CA Limoges, 21 nov. 2017, n°16/01308, et Ord. n°2017-1387 du 22 septembre 2017
L’activité dans le cadre d’un contrat de distribution (ici de franchise) ne suffit pas à démontrer l’absence de possibilité de permutation du personnel, l’indépendance des entreprises et l’absence des liens capitalistiques entre elles n’étant pas de nature à faire obstacle à la reconnaissance d’un groupe de reclassement.

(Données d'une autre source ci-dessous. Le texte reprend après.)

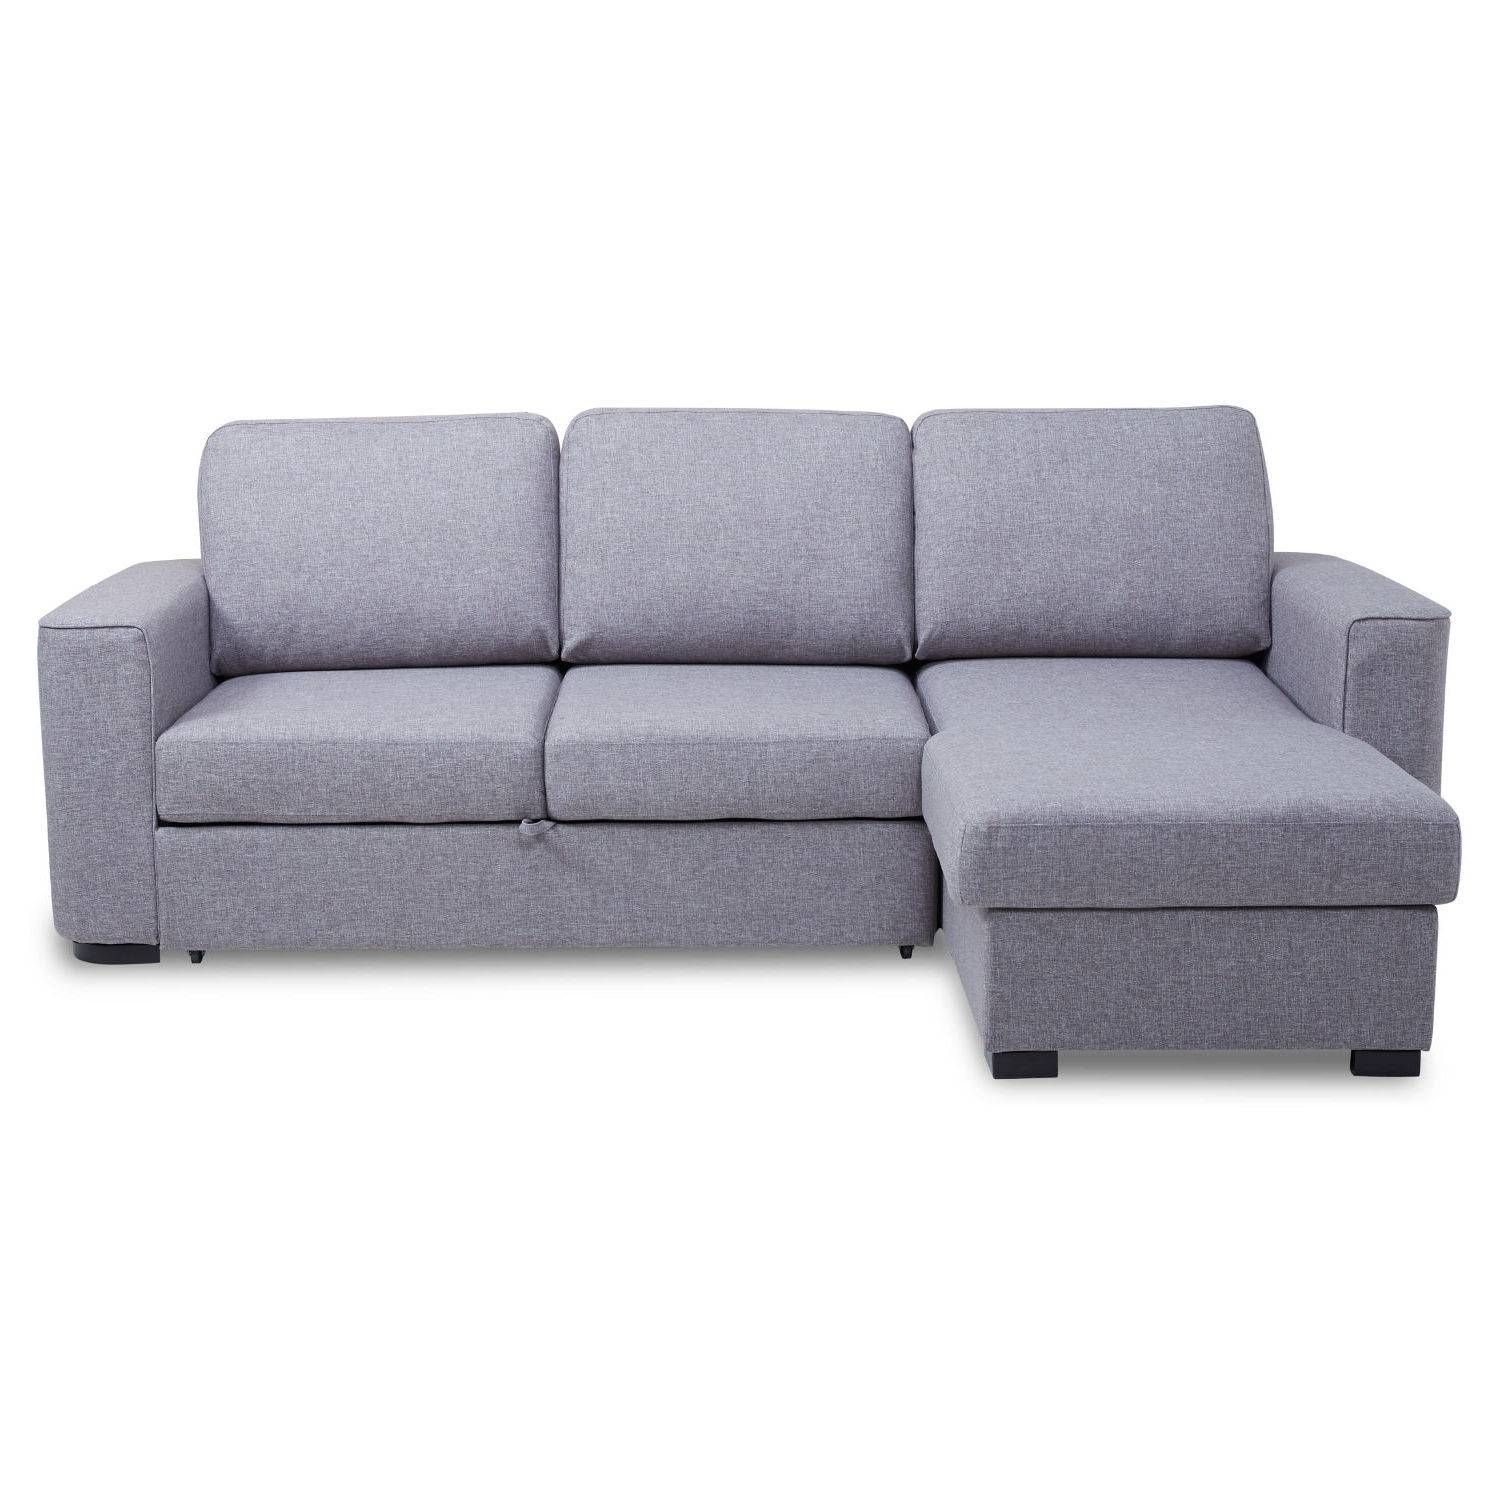 Ronny Fabric Corner Chaise Sofa Bed With Storage – Next Day Throughout Chaise Sofa Beds With Storage (View 10 of 15)
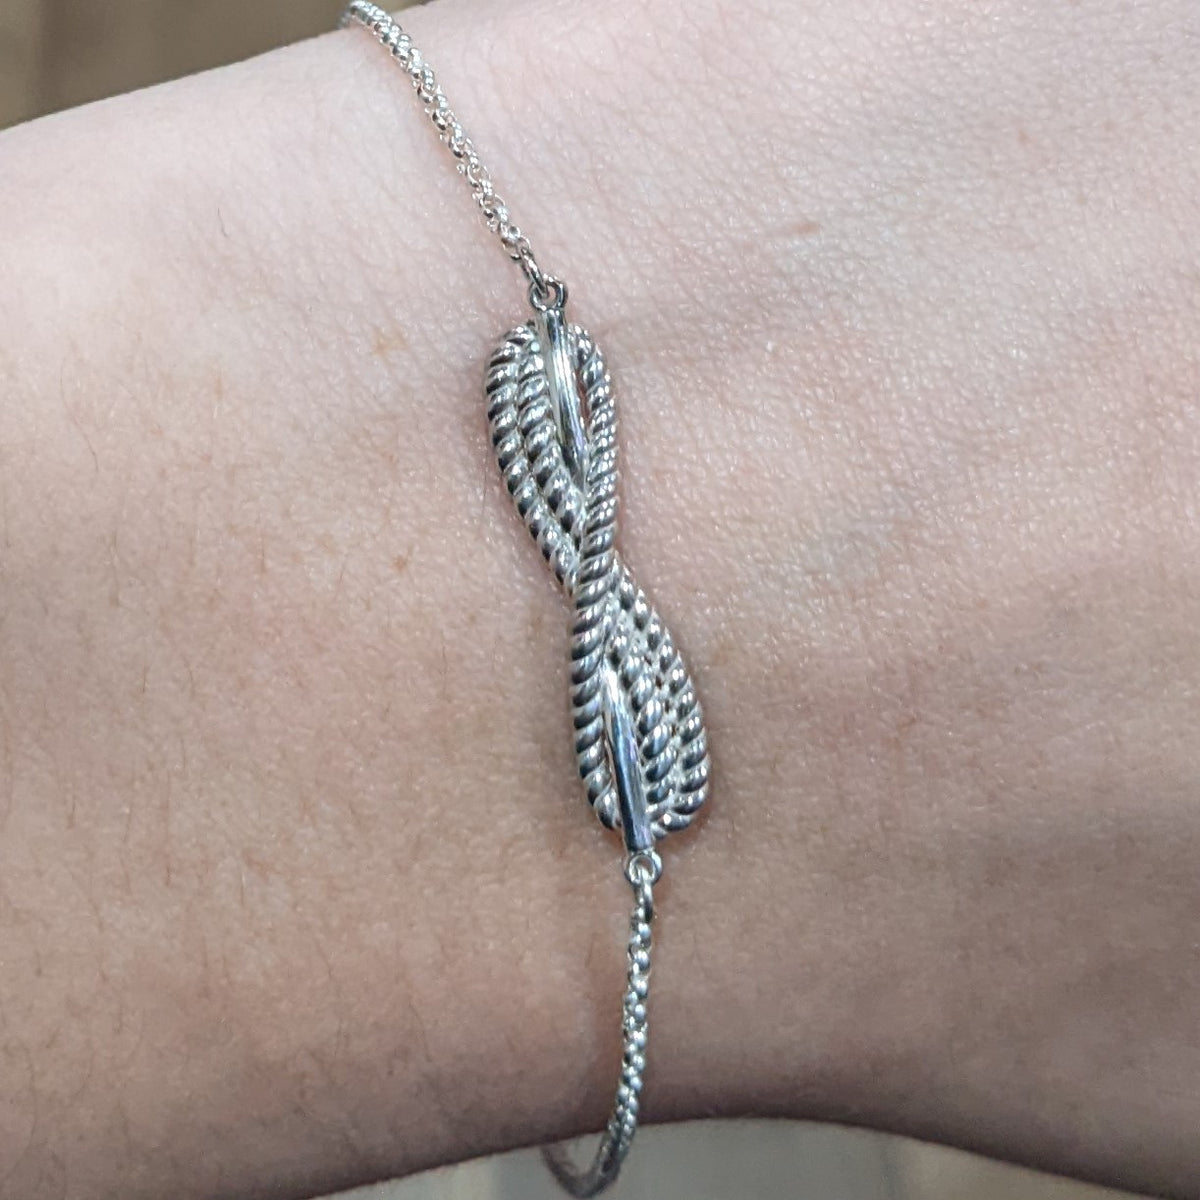 How to tie a half hitch knot and square knot for your friendship bracelet –  Nbeads

Ce qu’il faut retenir : L’activité dans le cadre d’un contrat de distribution (ici de franchise) ne suffit pas à démontrer l’absence de possibilité de permutation du personnel, l’indépendance des entreprises et l’absence des liens capitalistiques entre elles n’étant pas de nature à faire obstacle à la reconnaissance d’un groupe de reclassement. Toutefois, l’ordonnance n°2017-1387 du 22 septembre 2017, entrée en vigueur le 24 septembre 2017, devrait modifier cette jurisprudence bien établie.
Pour approfondir : L’arrêt commenté retient une solution « posthume », que l’ordonnance du 22 septembre 2017 devrait désormais supprimer.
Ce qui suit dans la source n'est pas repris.